Self Mutilation

Jun 25, 2008 19:28

Something I read on my friends page got me to thinking about this topic.... Self Mutilation....  to some it's decorating your skin with this nice warm red stuff that your skin seems to float on... it's so pretty.... umm anyway...  for some it's starving yourself, and others even consider tattoo's a form of self mutilation....  should I cut my hair I'd be accused of self mutilation... course the only times I've ever cut it well.... my eventual death wasn't long after.  But that's another story nobody's interested in reading.

So is self mutilation only physical?  I guess in my life I've run the gauntlet... I've for weeks on end while I was younger, simply desided I wasn't hungry, until I had to be force fed or put on an IV.  bastards those things hurt.

I've done the cutting, I've even taken it so far as to take sections of skin off and try to make pretty designs while doing so.

I've done the burning with a lighter, and with chemicals.  nice scars from that one.

I chopped off my hair out of rage, or was it despair... still can't tell... could have been alot of other things too... still wasn't a good emotion either way.

I've punched walls until my hands looked like I'd put them in a grinder.

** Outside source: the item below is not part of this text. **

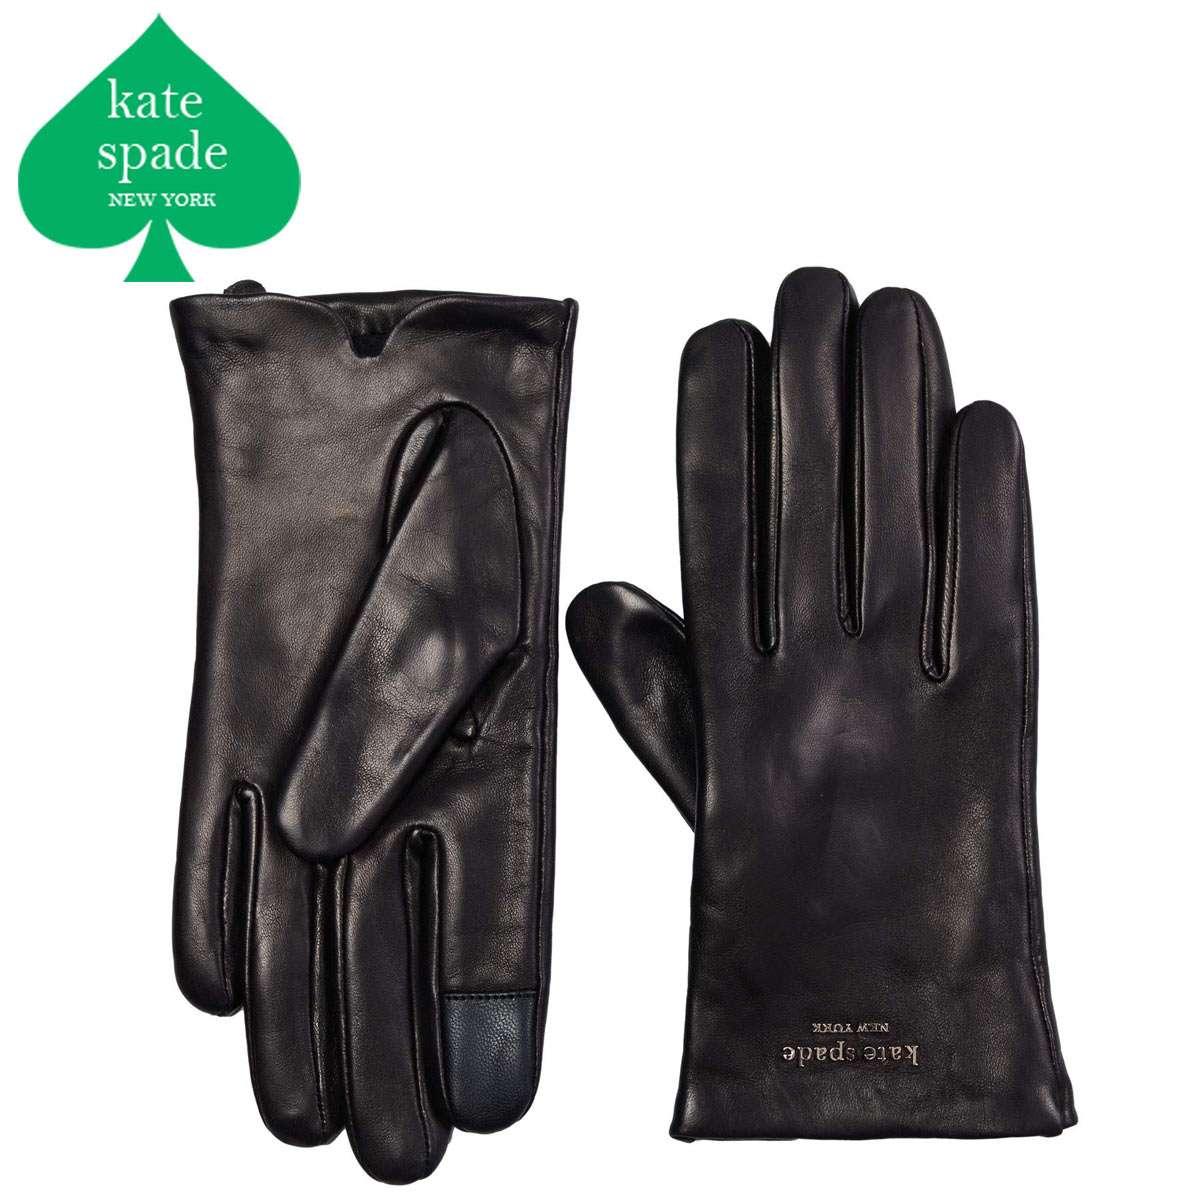 ケイトスペード 買収 手袋 レディース ブランド 安心の実績 高価 買取 強化中 革 レザー KATE ブラック YORK NEW SPADE 黒

well I'll stop the list there....

I wonder.... does Self mutilation have to be physical damage?
I seem to delight in causing myself mental anguish as of late.... putting myself into situations I disdain for no reason.  Craving the things I hate,  why... it's not that my feelings towards these have changed... and they aren't physically harmful or damaging....

I guess when physical pain no longer has the same effect, one must invariably find another means of self torment.... funny how masochistic this makes me sound.... oddly sadistic is more often used to describe me.

In a way I guess I'm similar to the Vong in the Star Wars series...   I seem to crave pain, and use it... feed on it... the pain of others is as useful as my own.   but I wonder what I'm really using it for...

Well This has been another rambling incoherent, utterly pointless, and completely devoid of any intellectual merit post from.....

I guess one of those guys that lives in my head and tells me to build things, break things, and kill people.